For regional businesses and organisations, this is particularly important. AI has the potential to help regional areas overcome workforce shortages, improve productivity, increase service capability, and compete more effectively on a national and global scale.
At the same time, it requires leaders willing to rethink traditional ways of operating.
The Polycrisis: Navigating Constant Complexity
Kim also explores what is now commonly referred to as the “polycrisis” — the collision of multiple interconnected challenges happening simultaneously.
Economic pressure. Housing affordability. Global instability. Climate impacts. Regulatory shifts. Workforce shortages. Mental health pressures. Supply chain disruption. Technological change.
The challenge is not simply that these issues exist. It is that they influence one another, creating compounding uncertainty and increasing pressure on organisations and leaders.
Businesses are no longer operating in stable environments where long-term certainty can be assumed.
This requires a different type of leadership. One that is adaptive, responsive, emotionally intelligent, and capable of making decisions in ambiguity.
For North Queensland, where industries are deeply connected to agriculture, mining, defence, tourism, education, construction, logistics, and regional infrastructure, these disruptions are not theoretical. They are already being experienced in real time.
The Rise of the Empowered Workforce
At the same time, the relationship between organisations and employees is fundamentally changing.
The workforce is increasingly seeking flexibility, purpose, autonomy, wellbeing, development opportunities, and stronger workplace culture. In many sectors, employees now have more choice than ever before.
This shift is forcing organisations to rethink leadership, engagement, retention, and culture.
The traditional command-and-control leadership style is rapidly becoming less effective, particularly in environments where innovation, adaptability, and collaboration are critical.
Kim Seeling Smith argues that future-focused organisations must move from viewing people as “human resources” to building genuinely empowered, connected, and engaged teams.

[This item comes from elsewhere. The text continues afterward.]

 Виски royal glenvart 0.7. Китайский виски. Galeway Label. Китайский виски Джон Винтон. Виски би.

This is particularly important in regional Australia, where attracting and retaining skilled people remains one of the biggest challenges facing industry and business.

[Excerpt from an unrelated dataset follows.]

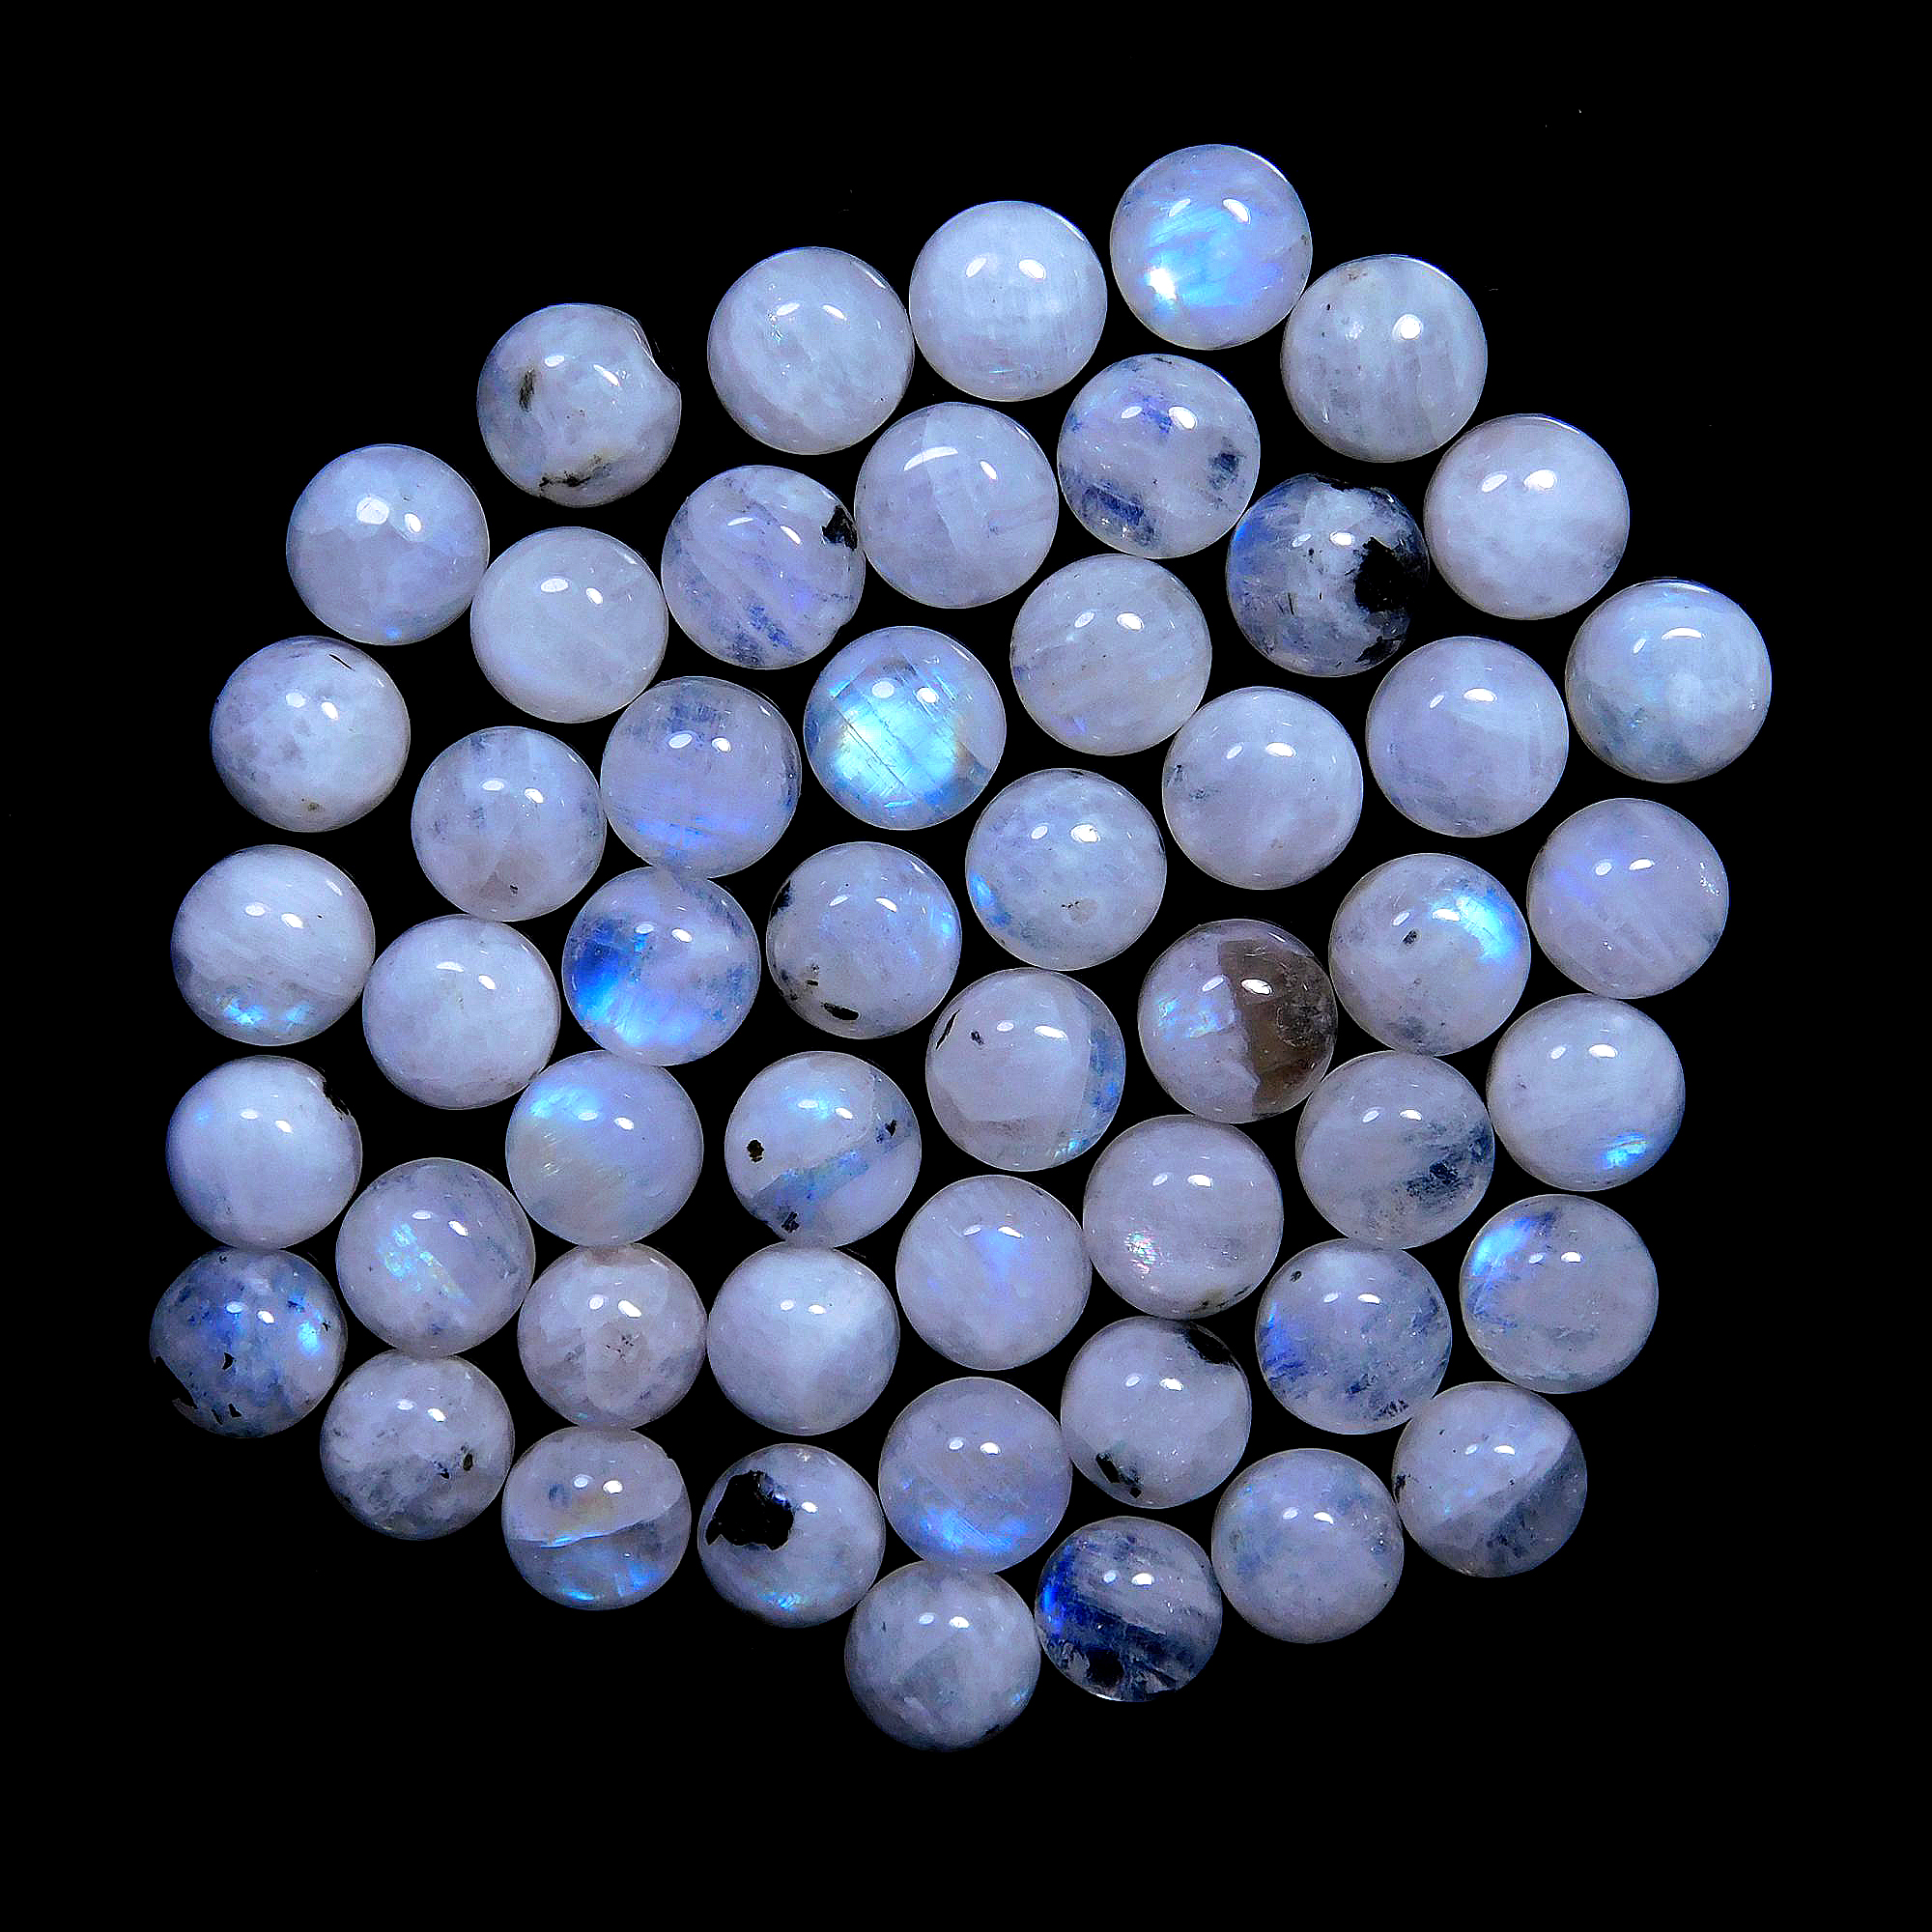 51 Pcs.219Cts. Natural Rainbow Moonstone calibrated Round Cabochon Loose Gemstone Wholesale Lot Size 10mm

What makes this keynote particularly powerful is that it is not built around fear or doom.
It is about helping leaders understand the forces shaping the future and equipping them with practical strategies to respond proactively rather than reactively.
Kim’s work focuses on helping organisations future-proof leadership, workforce strategy, culture, and innovation capability in environments defined by uncertainty and rapid change.

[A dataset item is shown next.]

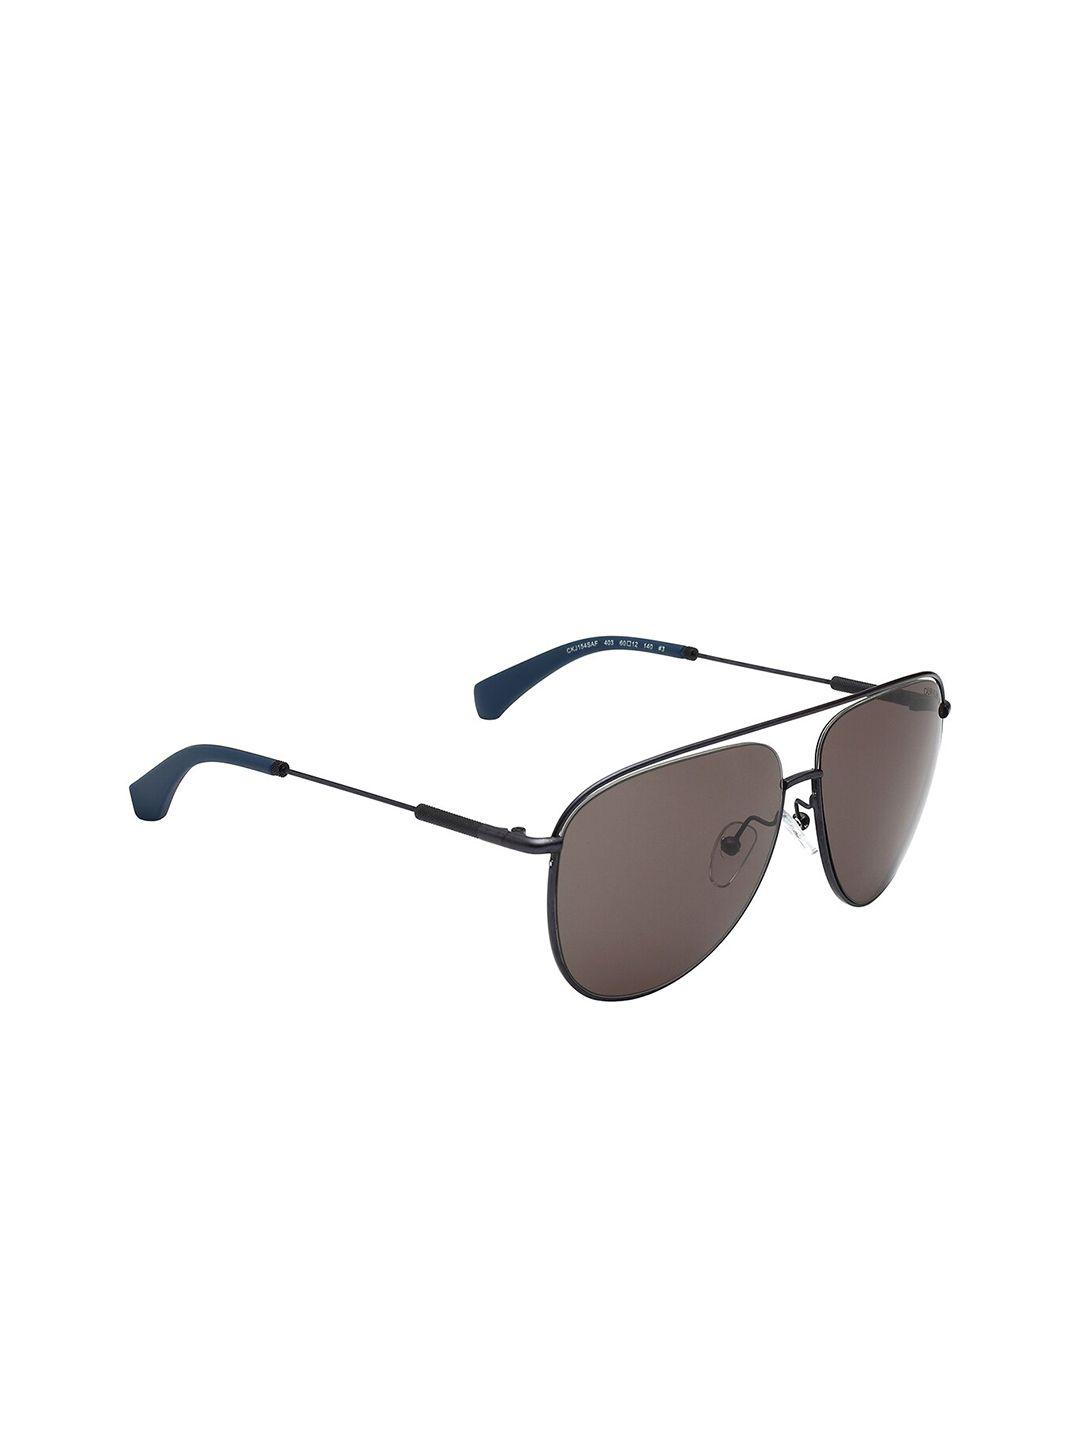 calvin-klein-unisex-aviator-sunglasses-with-uv-protected-lens-ckj-154af-403-60-s

For North Queensland organisations navigating workforce shortages, technology adoption, productivity pressures, leadership challenges, succession planning, innovation demands, or changing customer expectations, this session will provide practical insight into how organisations can adapt and remain competitive in the years ahead.
The Future Business Forum has been designed to bring together business owners, industry, government, educators, innovators, suppliers, and regional leaders to have practical conversations about the future of business, capability, leadership, and growth in North and North West Queensland.
Kim Seeling Smith’s keynote is expected to be one of the standout sessions of the Forum because it speaks directly to the reality many organisations are already experiencing.
The future is not arriving slowly anymore.
It is already here.
The question is whether organisations are preparing for it quickly enough.